Russia’s carbon neutrality: pathways to 2060

There is an opinion both among the skeptics and the optimists, that there is currently no room for long visions of Russia’s economic and decarbonization future. However, all of the countries need a future and visions of the future. As correctly stated in the “Back to the future” movie, ‘The future isn’t written yet’. Matt Myklusch in his “Jack Black and Imagine Nations” makes it even stronger: “The future is not written. It lies in the choices you make. Our future is ours to decide. Always”. To decide on our future, we need a map of pathways that lead to the desired future statuses. To map these pathways, we need to climb a high tree in the thick forest to see what is around us and which directions are available. The time horizon for this study is 2060, so there are about forty years ahead. The history can give us a feeling of what may happen in the next forty years. Forty years ago (in 1982) there was USSR ruled by Brezhnev and the Russians had no vision, that in 10 or 20 years’ time they would live in a very different country. In other words, extrapolation doesn’t always help. One has to have imagination.

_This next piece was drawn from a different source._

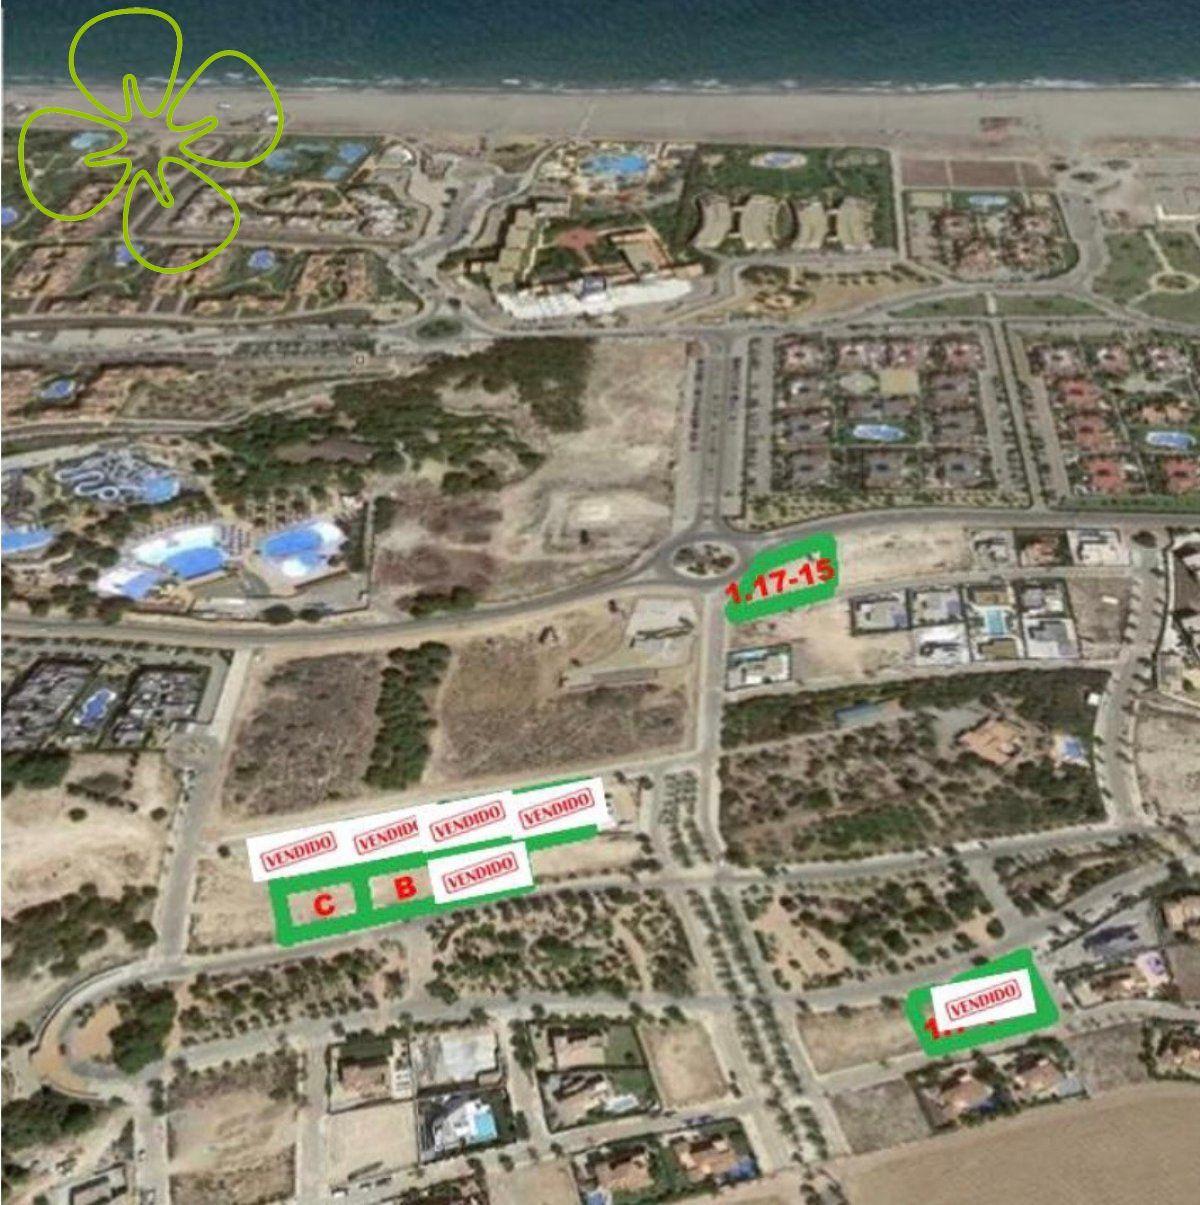 00783-6080: Urban building plot in Vera

Visions of a low carbon future are important, as they affect Russia’s economy, fuels and basic materials exports to the global and regional low carbon markets, where low carbon footprint is becoming critical, while carbon price mechanisms undermine the competitiveness of carbon-intensive products. The future of carbon-intense markets is not bright, in contrast to high-tech products and services in the emerging trillions-of-dollars-worth low carbon markets, which Russia needs to penetrate. Any development should rely on the least-costly technology solutions. It is expected that in the 2020s and 2030s low carbon technologies will become less costly, than the traditional processes. Producers and countries which will be lagging behind will lose the economic development momentum. Many sectors and industries need long-term visions when making investment decisions to avoid having their assets stranded. Any family with children need long-term visions on the potential futures ahead.

Russia has pledged for 2060 carbon neutrality. However, the pathways to this goal are yet to be explored. This is challenging – partly due to the lack of long-term models for the whole economy and for the key sectors working on the time horizon beyond 2050. Therefore, expert and policy-making communities have to stop in 2050, with only intuition and blind search prompting whether carbon neutrality is attainable in the mist of the 2050s.

The first task, which this study was seeking to achieve, was to further develop CENEf-XXI’s model set to extend the time horizon and improve the technological and costs details by sectors. The overall goal was to better capture the effects of key mitigation options, and the potential effects of global low carbon transition and the restrictions that followed Russia’s military operation. This model set is presented in Chapter 2.
The initial purpose of Chapter 3 was to assess the systemic impacts of low carbon transition on the global scale and of Russia’s key trade partners on Russia’s economic development depending on the selected pathways, breaking down this assessment into the effects on traditional Russia’s exports and on its potential to penetrate the emerging low carbon markets. After February 24th, this purpose was modified to also capture long-term impacts of the strong and escalating sanctions.

One lesson from the future is that there is no business-as-usual for the decades to come; instead, business-as-unusual needs to be in the focus. For Russia, there will be no business-as-usual even in the short- and medium-term. The task was to develop visions to embrace the range of uncertainty which greatly increased after February 24. Three sets of scenario storylines were developed to cover the abruptly widening uncertainty zone to draw the pathways which may bring Russia to carbon neutrality in 2060: 4S – Stagnation, Sanctions, Self-Sufficiency, which may be alternatively titled Forward-to-the-Past (as the opposite to the Back-to-the-Future); 4D – Development Driven by Decarbonization and Democratization, which opens the door for Russia to return to the global economy; 4F – Fossil Fuels for Feedstock, which builds upon 4D and allows Russia to use its fossil fuel resources for non-energy use. The story lines for these pathways are described in Chapter 4.
The next three chapters – five, six and seven – present the results of model runs for each alternative conceptual pathway to assess the trajectories towards carbon neutrality and the costs and benefits associated with different low-carbon development pathways. Contributions from different sectors (power and heat generation, industry, transportation, buildings, agriculture, waste management, LULUCF) to the carbon neutrality perspective were assessed, and – building on this evaluation – recommendations were developed for potential sectorial policy goals and instruments.